▶ [Dataset extract]:
*** Block opens ***

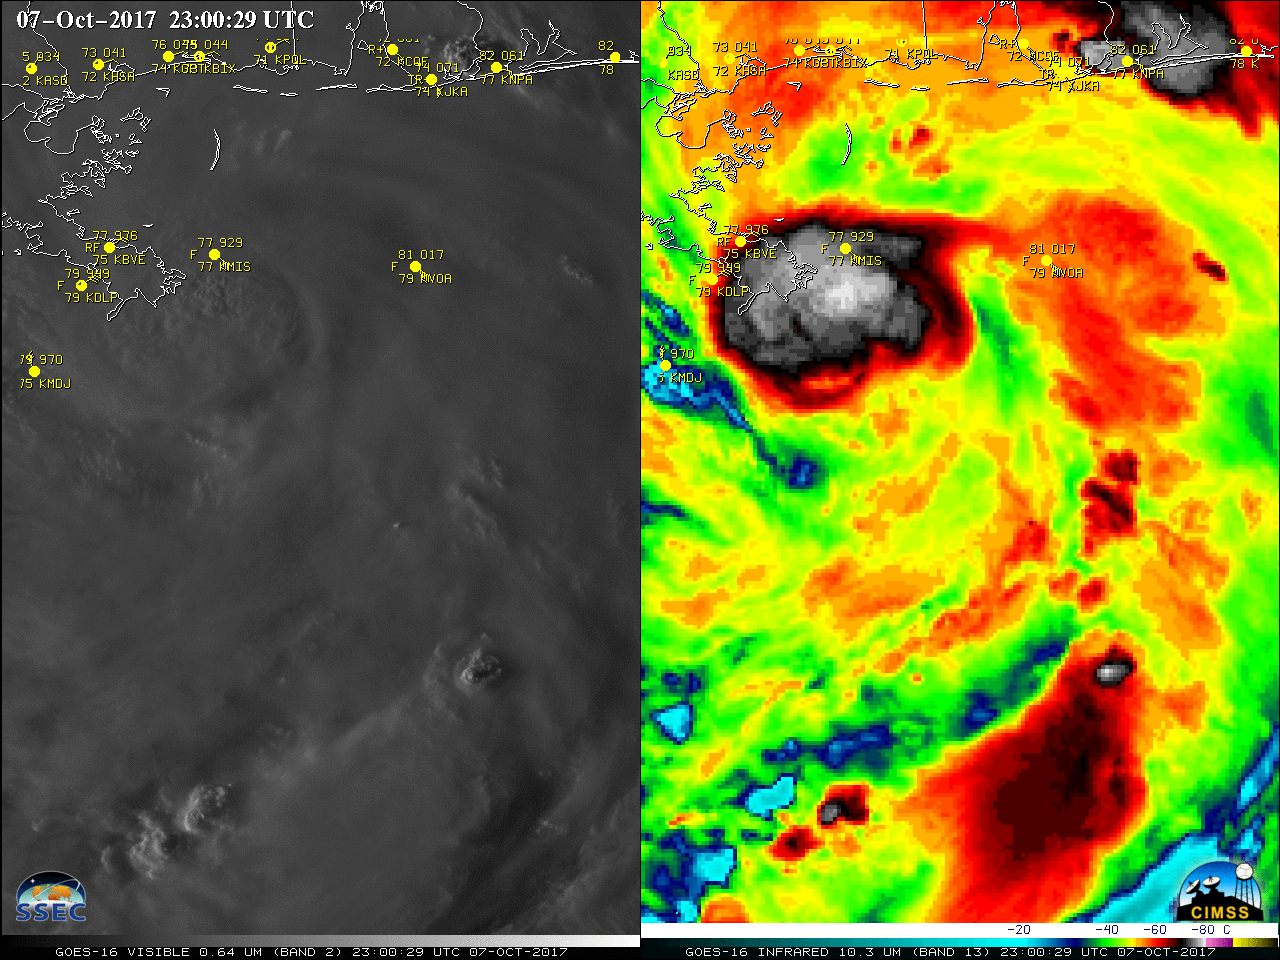 GOES-16 Visible (0.64 µm. left) and Infrared Window (10.3 µm, right) images, with hourly surface reports plotted in yellow [click to play MP4 animation]
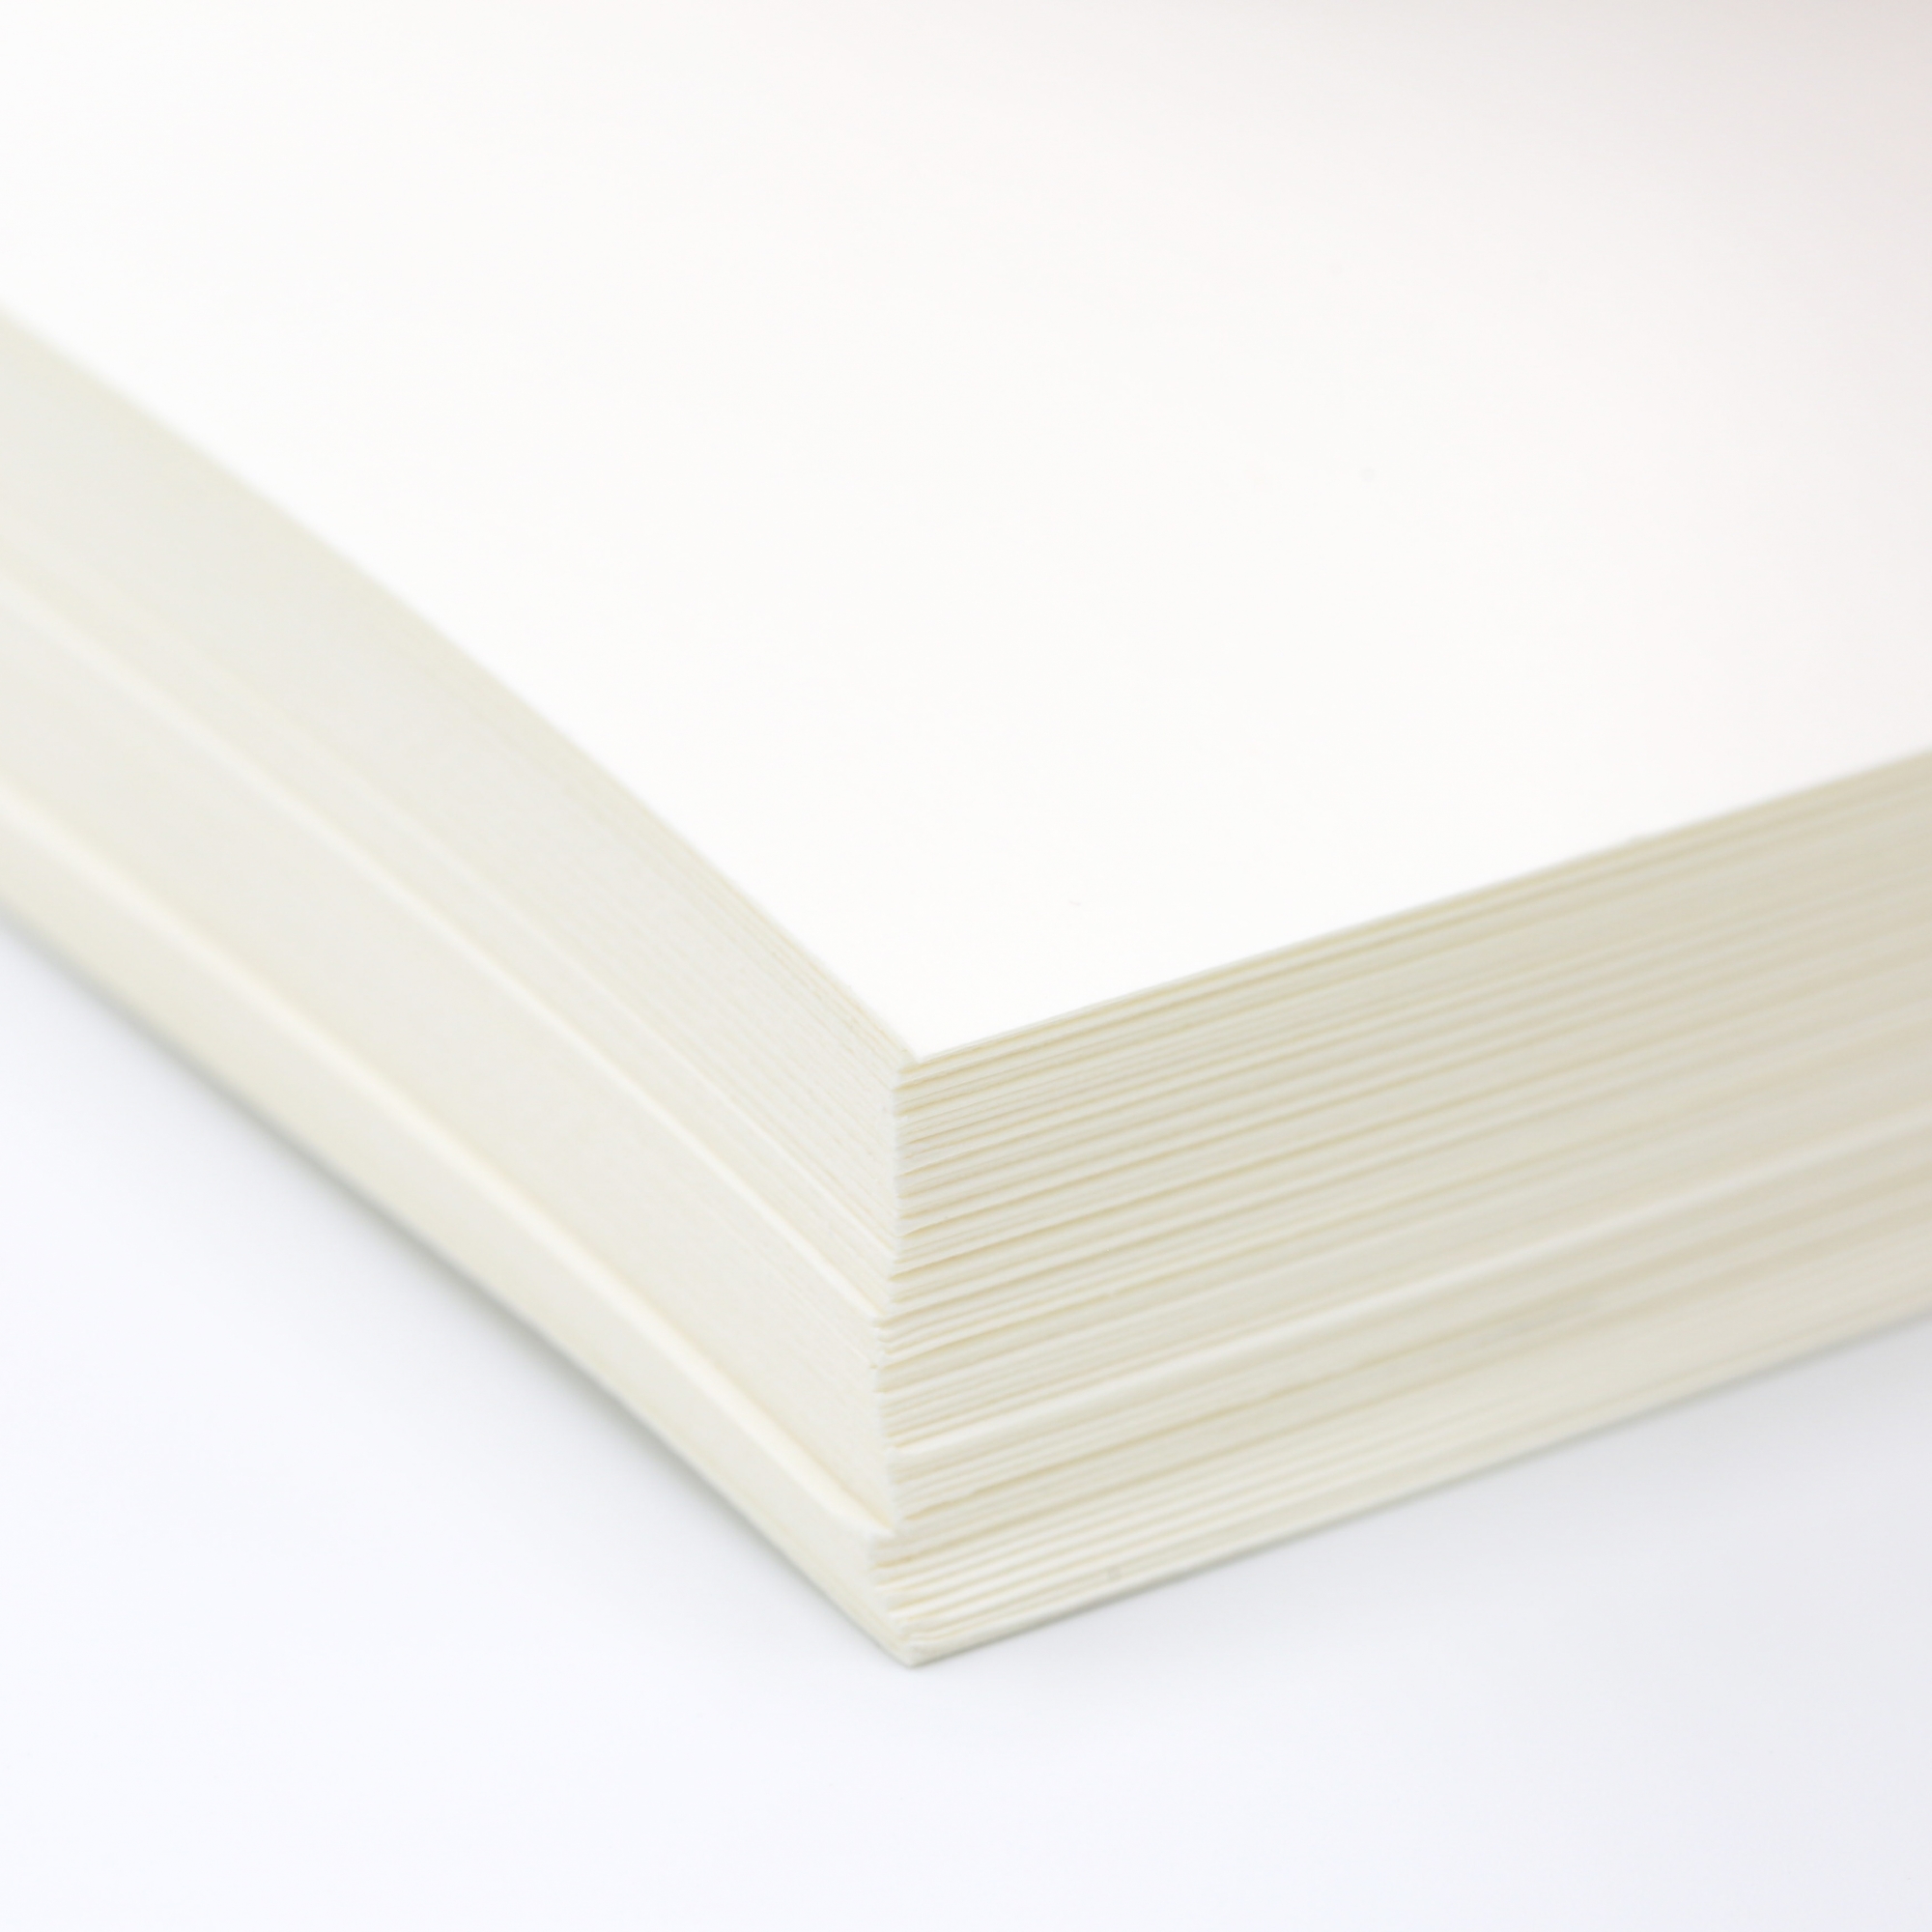 Classic Laid Cover Natural White 18x12 100lb/270g 125/pkg | Paper,  Envelopes, Cardstock & Wide format | Quick shipping nationwide | Paperworks
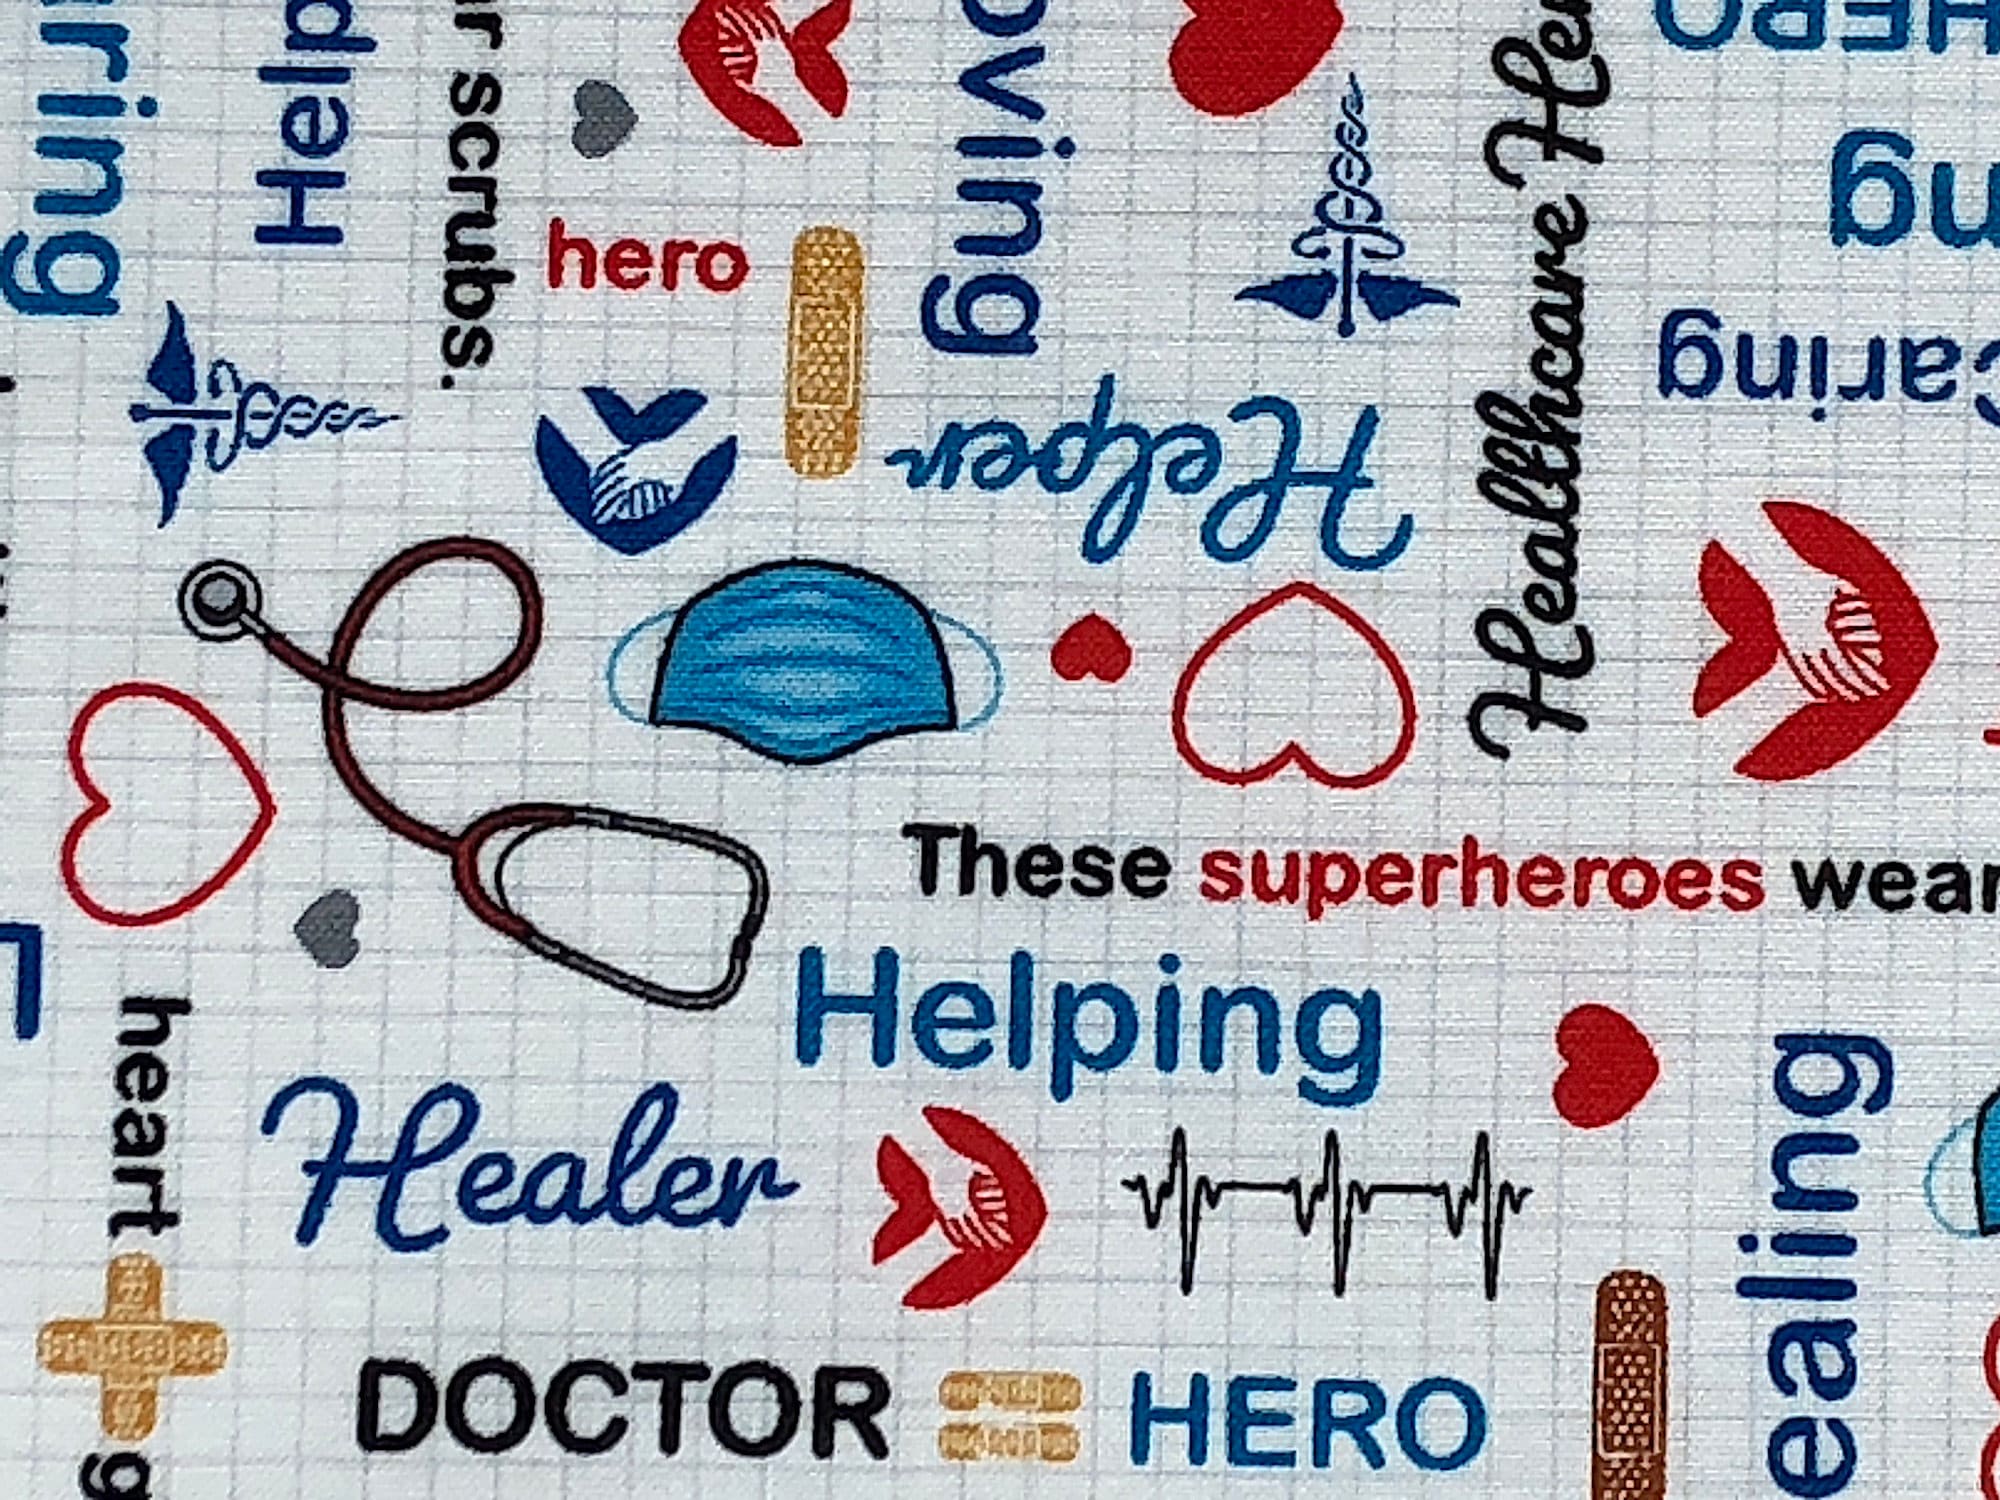 Close up of face masks, stethoscopes, words such as helping, healer, doctor, hero and more.

*** Block closes ***

▶ [Your goal]: Copy word for word each line of the data above, from the first through the one containing "Classic Laid Cover", and include no pictures.

▶ [Result for this task]:
 GOES-16 Visible (0.64 µm. left) and Infrared Window (10.3 µm, right) images, with hourly surface reports plotted in yellow [click to play MP4 animation]
 Classic Laid Cover Natural White 18x12 100lb/270g 125/pkg | Paper,  Envelopes, Cardstock & Wide format | Quick shipping nationwide | Paperworks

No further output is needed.